■ Aim of the task
Would you copy the lines below exactly and omit the images?

■ Information shown
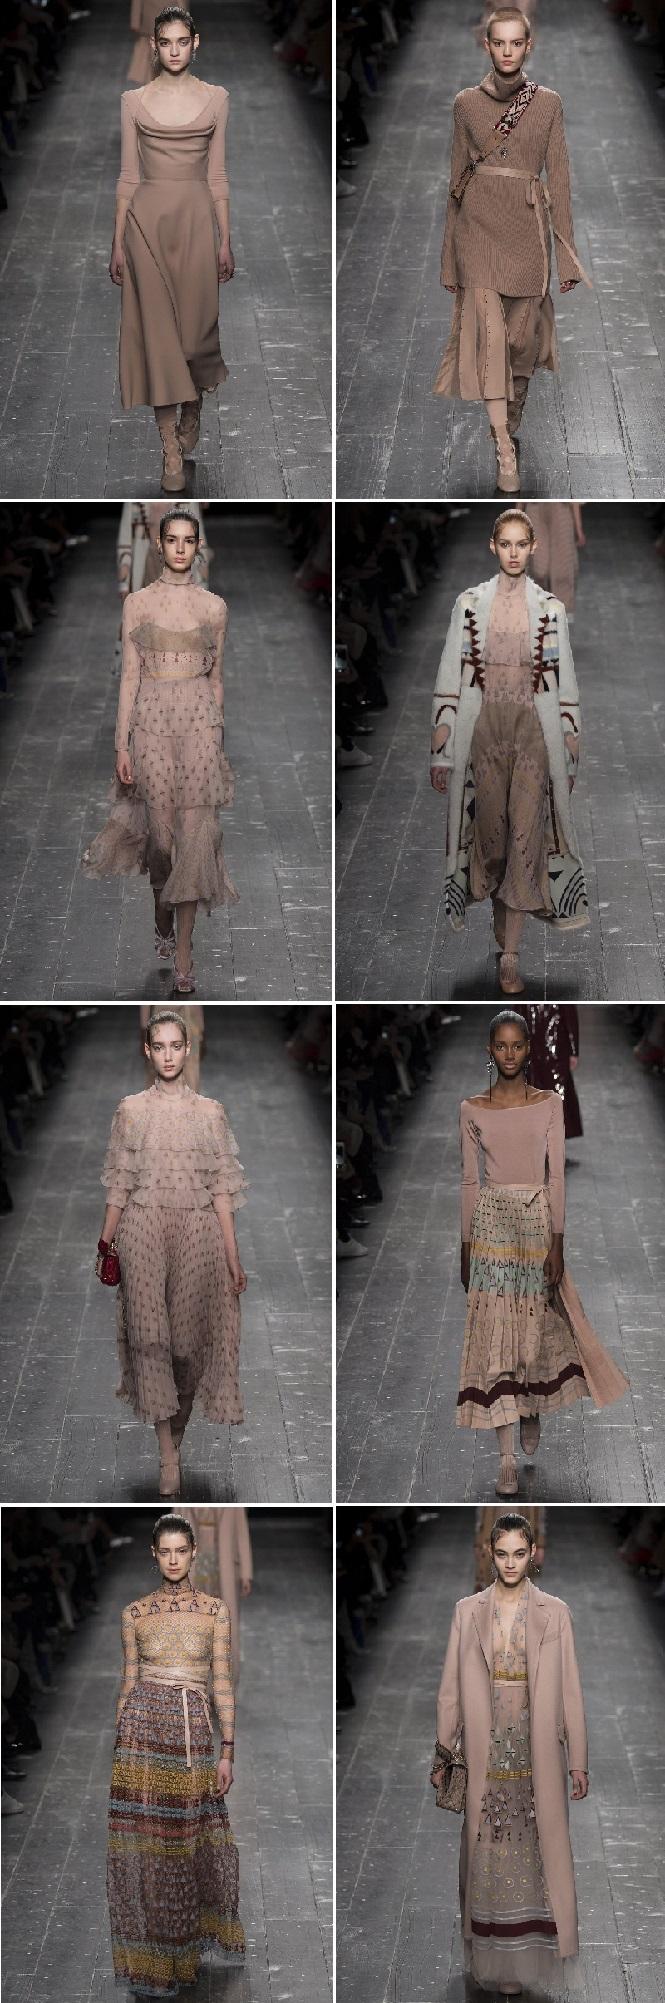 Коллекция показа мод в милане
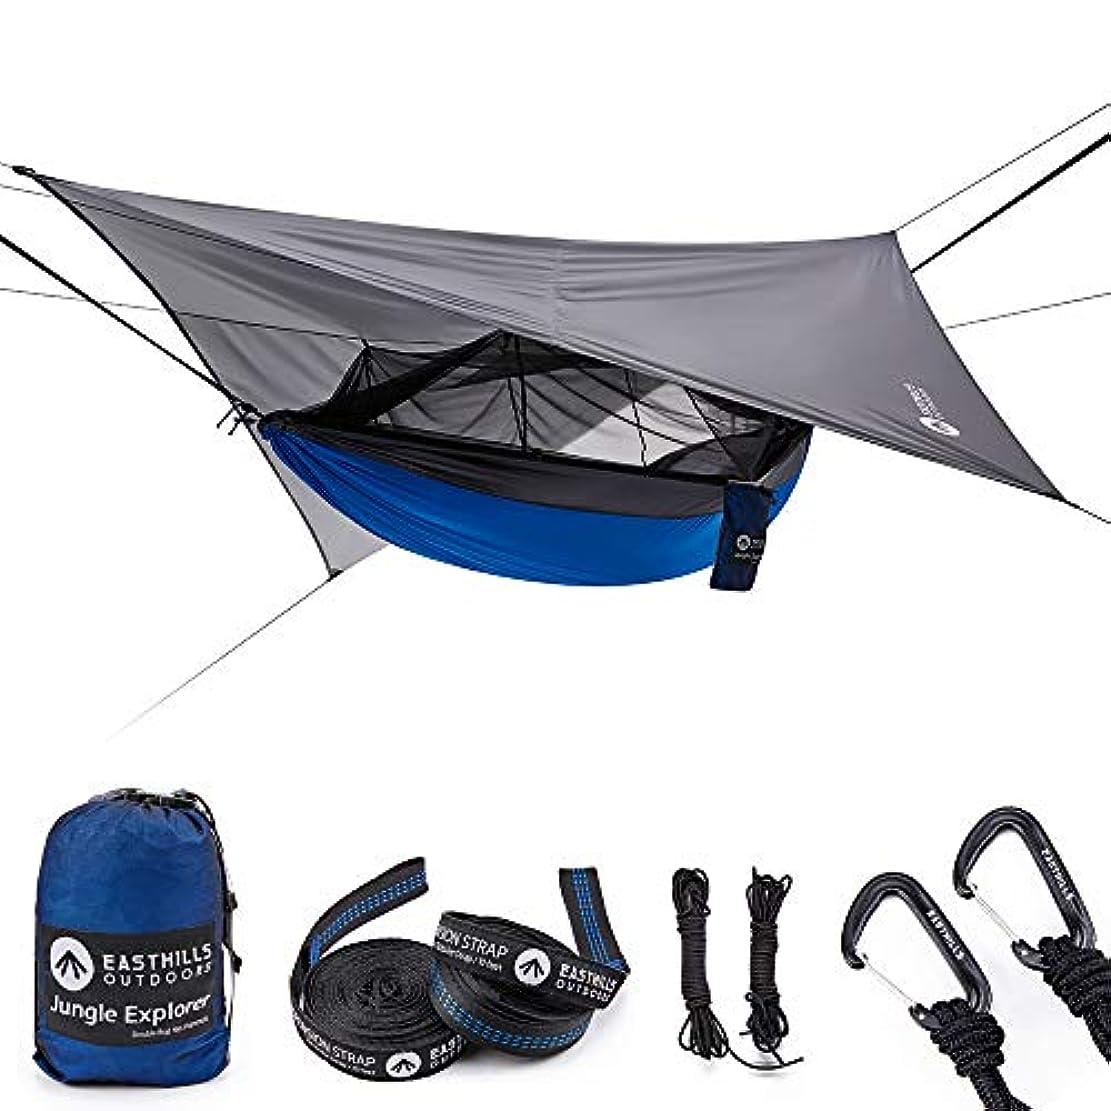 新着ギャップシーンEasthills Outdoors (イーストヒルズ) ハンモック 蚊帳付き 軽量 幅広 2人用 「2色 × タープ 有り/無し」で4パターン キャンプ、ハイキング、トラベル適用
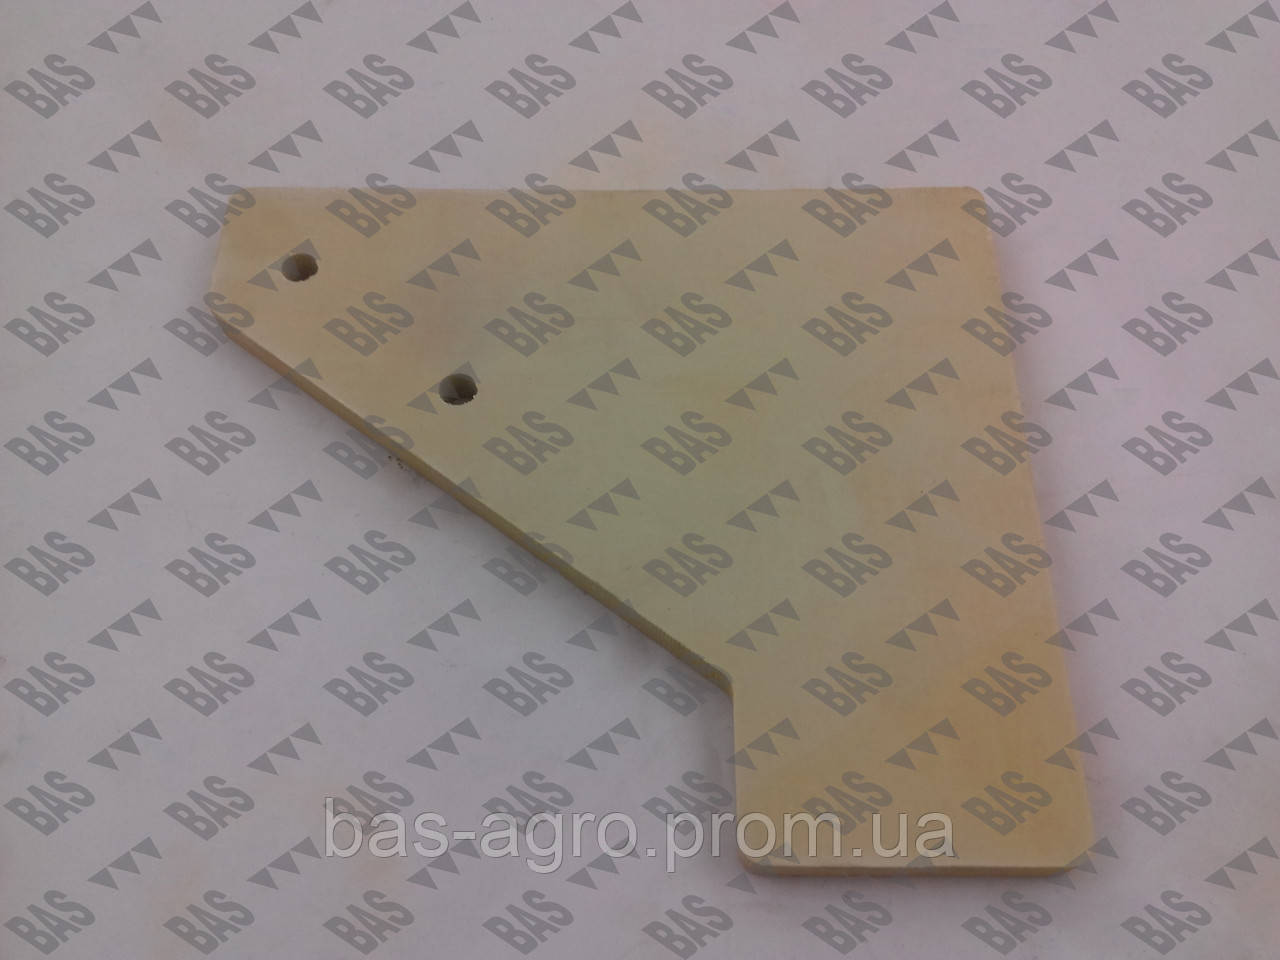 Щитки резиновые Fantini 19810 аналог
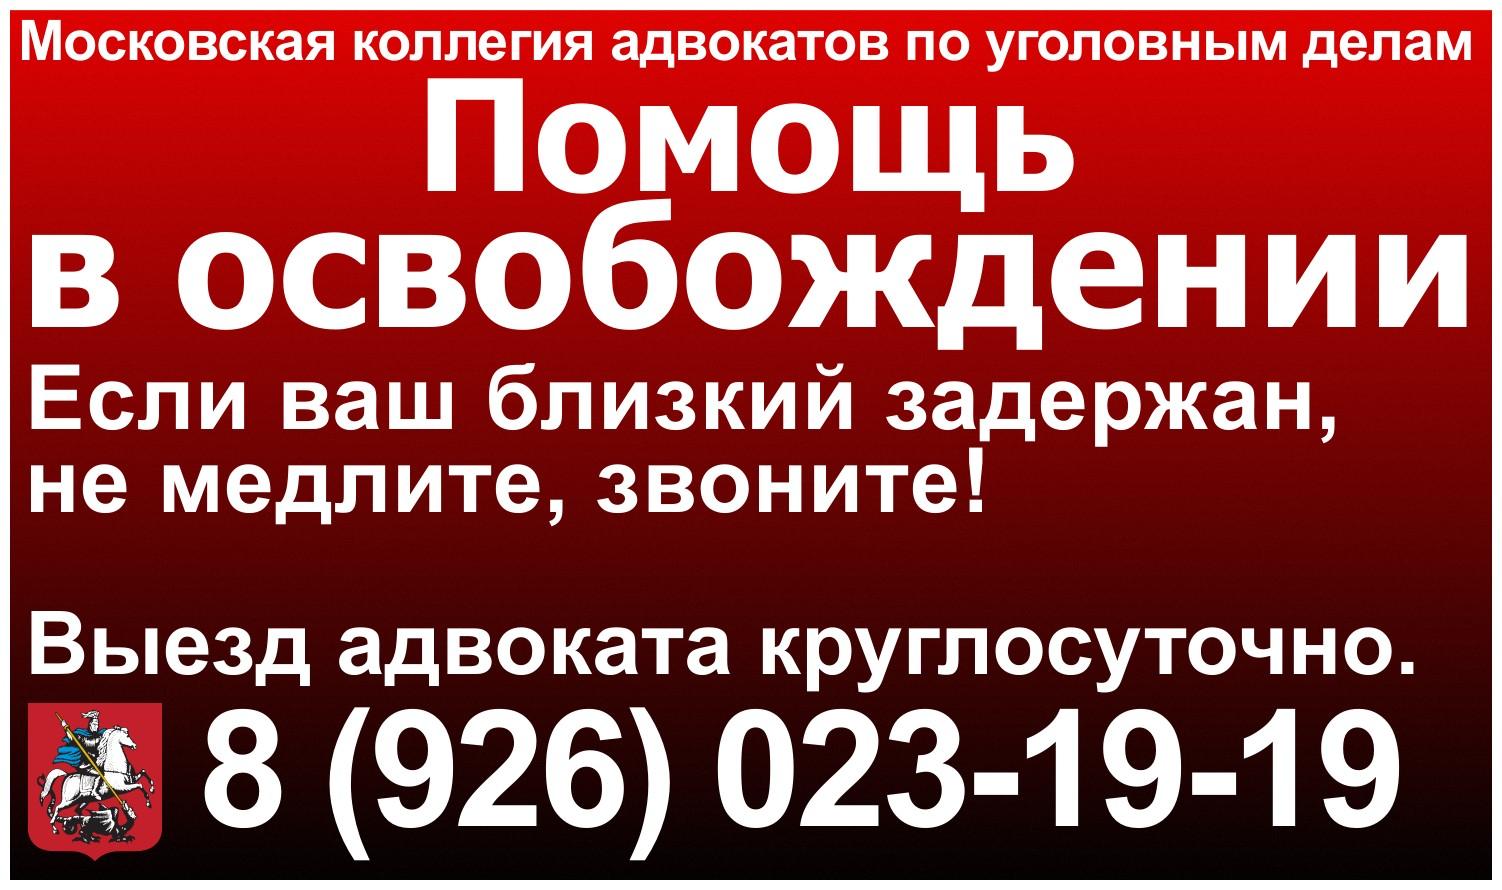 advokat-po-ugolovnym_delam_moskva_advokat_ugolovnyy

■ Task answer
 Коллекция показа мод в милане
 新着ギャップシーンEasthills Outdoors (イーストヒルズ) ハンモック 蚊帳付き 軽量 幅広 2人用 「2色 × タープ 有り/無し」で4パターン キャンプ、ハイキング、トラベル適用
 Щитки резиновые Fantini 19810 аналог
 advokat-po-ugolovnym_delam_moskva_advokat_ugolovnyy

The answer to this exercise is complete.